The Crystal Palace in Hyde Park hosted the Grand International Exhibition of 1851 Image: View from the Knightsbridge Road of The Crystal Palace in Hyde Park for Grand International Exhibition of 1851. Dedicated to the Royal Commissioners., London: Read & Co. Engravers & Printers, 1851.

Such optimism is part of the human spirit and will never be curtailed. Scientists and innovators have faced greater challenges than those that arose in 2016. Through scores of wars, thinkers and doers have found ways to travel, collaborate and push back the boundaries of knowledge.

Dennis Gabor epitomised this mindset. The Hungarian-born Jewish physicist worked in Budapest and Berlin before fleeing Nazi Germany for Imperial College London. There, he invented holography, going on to win the 1971 Nobel Prize in Physics. Europe’s turmoil forced him to move, but his brilliance was not lost to the global community of scholars.

Other scientists, such as Niels Bohr and Albert Einstein, and great entrepreneurs, such as Dame Stephanie (Steve) Shirley took similar, perilous journeys, maintaining their internationalism as their discoveries and efforts reshaped our world.

It is this spirit that got samizdat literature - secretly published by dissidents - into and out of the Soviet Union.
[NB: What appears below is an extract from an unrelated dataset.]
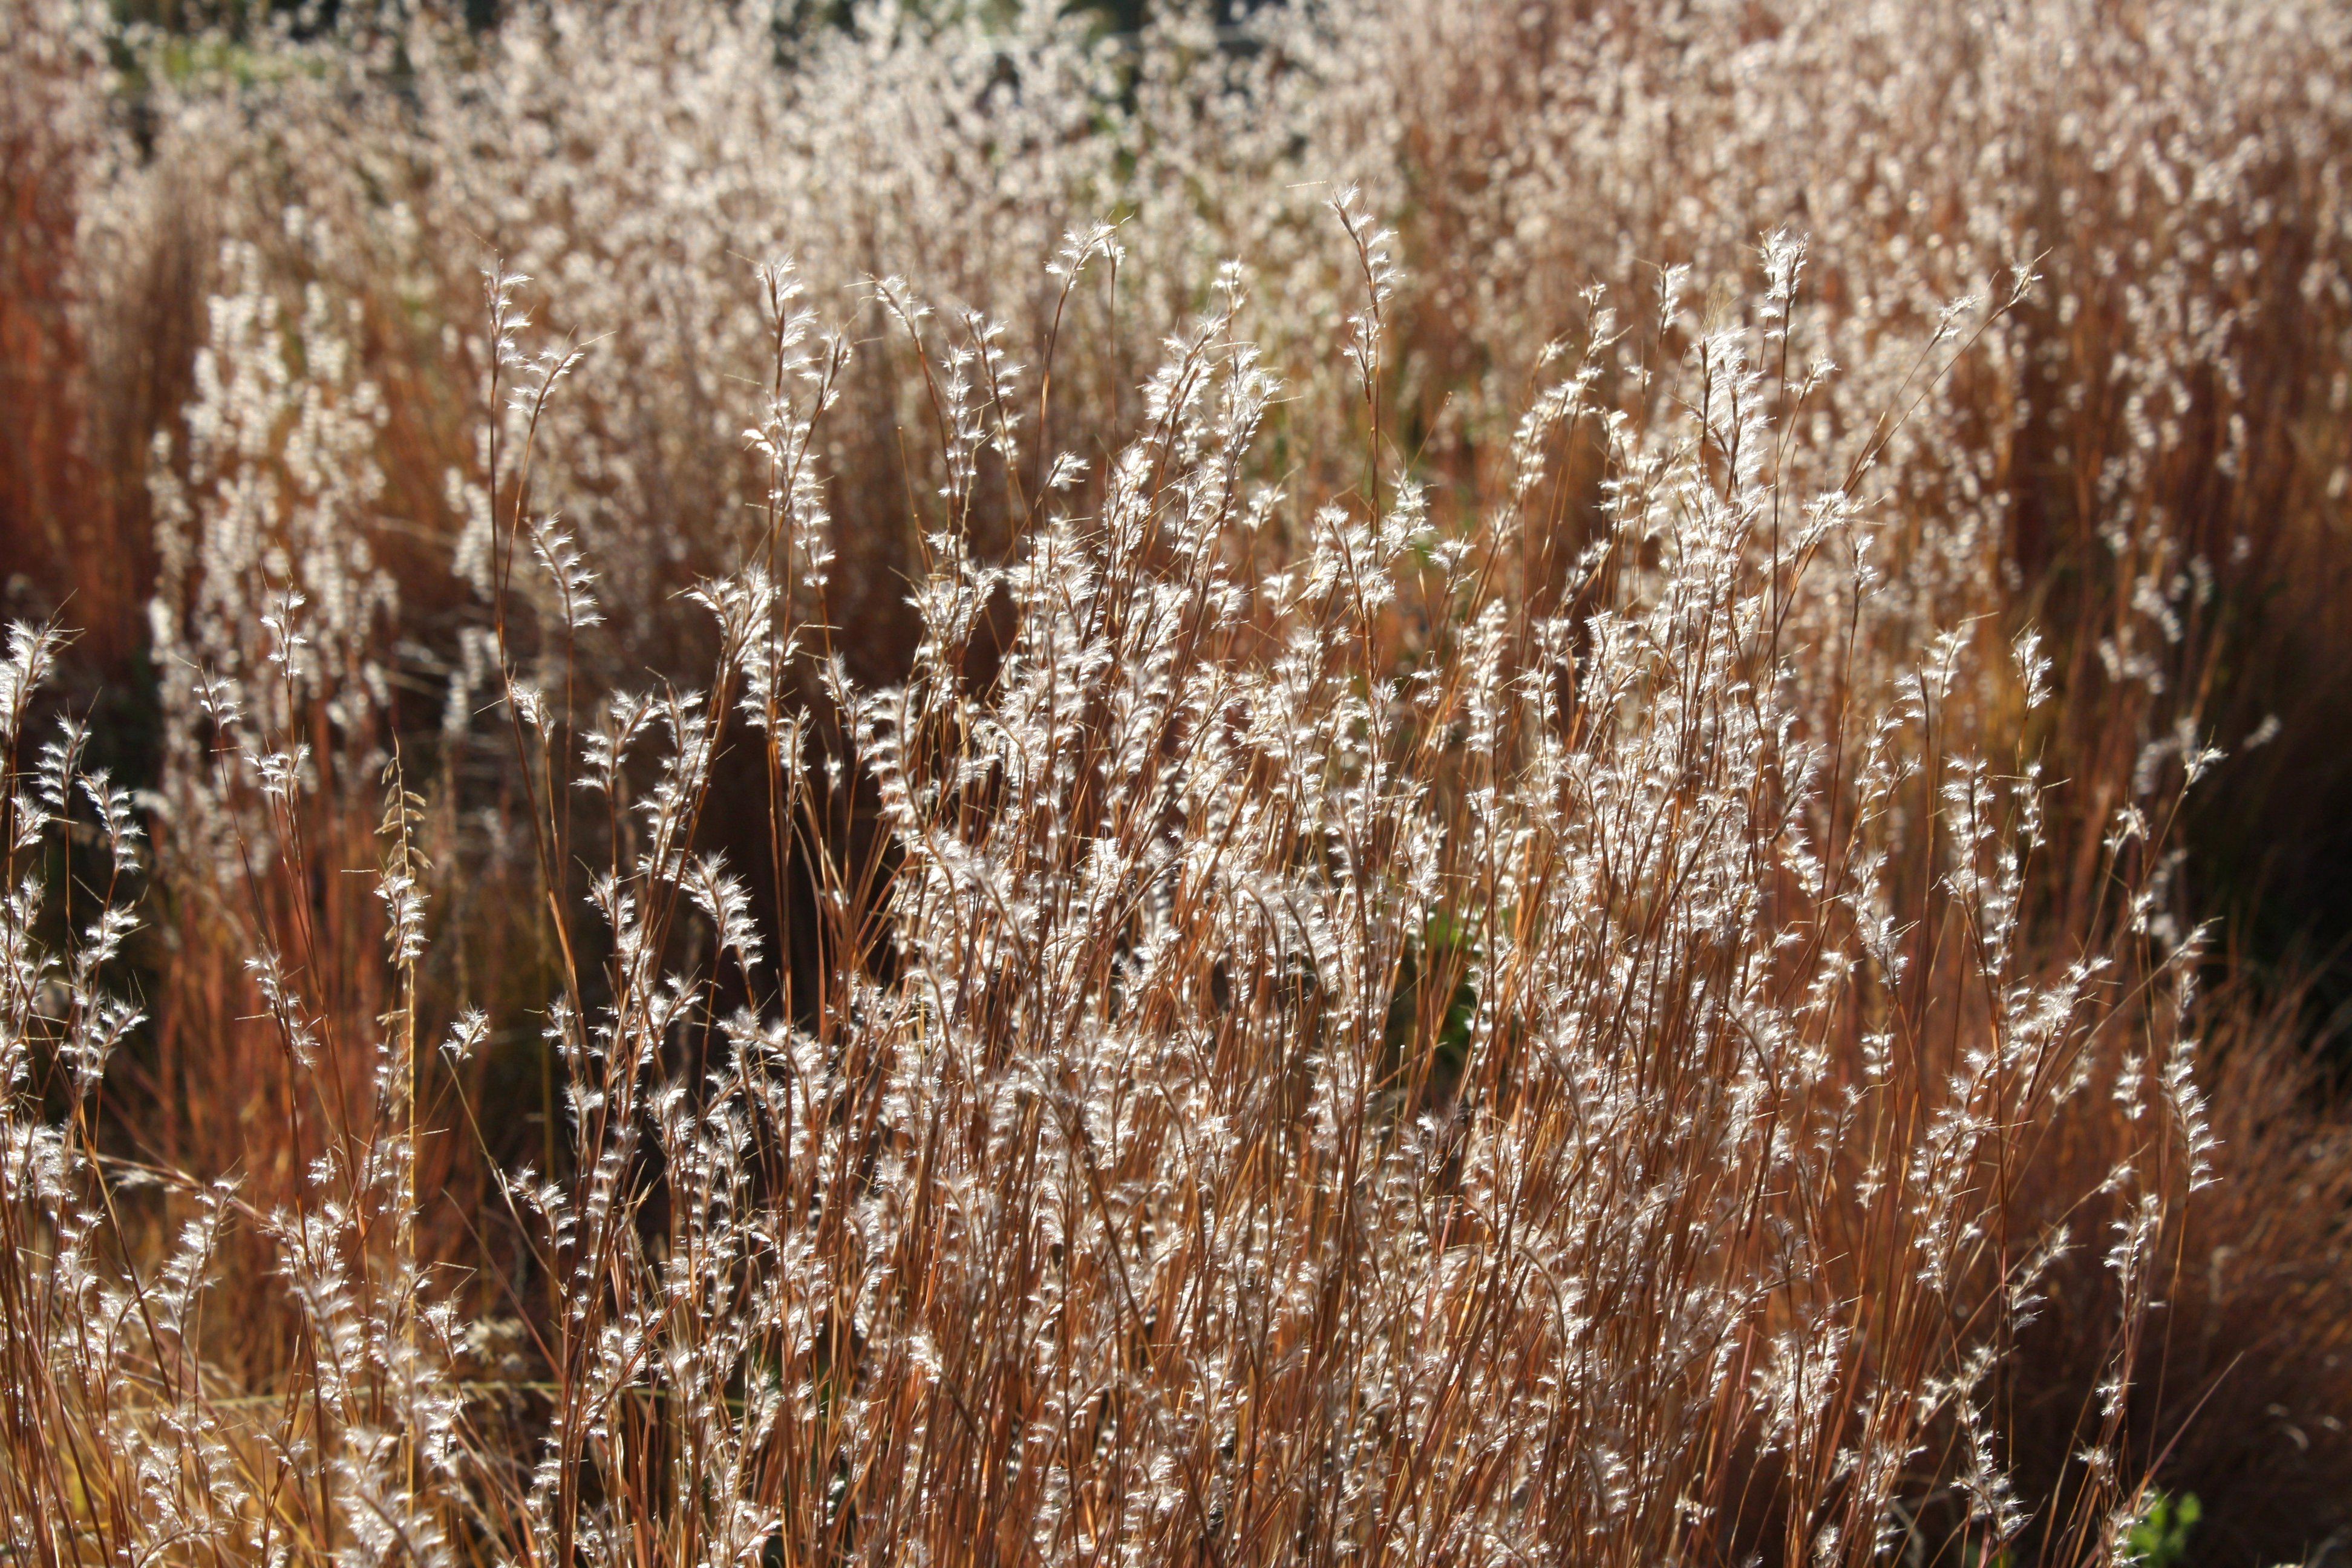 Fall Wooden Wallpaper Sunlight On Fall Meadow Grass Close Up Photos Public Domain

It is also the sentiment that drove two Syrian refugees in Berlin to found a start-up, Bureaucrazy, that is helping others navigate German bureaucracy in housing, healthcare and banking. Whether you’re a German speaker or not, complex concepts such as Mietschuldenfreiheitsbescheinigung (proof that you owe no rent from past housing) show why it is taking off.

Cities and regions such as the Bay Area in California tend to be safe harbours for migrants, particularly those that pride themselves in and safeguard multiculturalism. Where would the mighty US technology industry be if it were not for immigrants? Elon Musk is a South African-born, Canadian-American. Steve Jobs’ biological father was Syrian. Sergey Brin was born in Moscow. The Kauffman Foundation makes the point that more than 40% of Fortune 500 companies were founded by immigrants or their children and over 50% of US ‘unicorn’ start-ups (valued at over $1 billion) are founded by at least one immigrant.

By these standards, Brexit and Trump are just noise surrounding the march of international progress. Any new wall, real or imagined, will not stop Texan and Mexican scientists from making new discoveries and breakthroughs together. And, as in Berlin, walls can be torn down.

The role of cities and universities as oases in the present political turmoil is one of the ideas we are exploring at Imperial College London and the Global Federation of Competitiveness Councils’ Global Innovation Summit. We will be debating how cities can continue to be innovative, competitive and sustainable and by becoming more, not less, international in their connections to science hubs and business networks around the world.

Like all truly leading cities, London and its universities are open to business and science. As in the past, such openness will remain the key to future prosperity.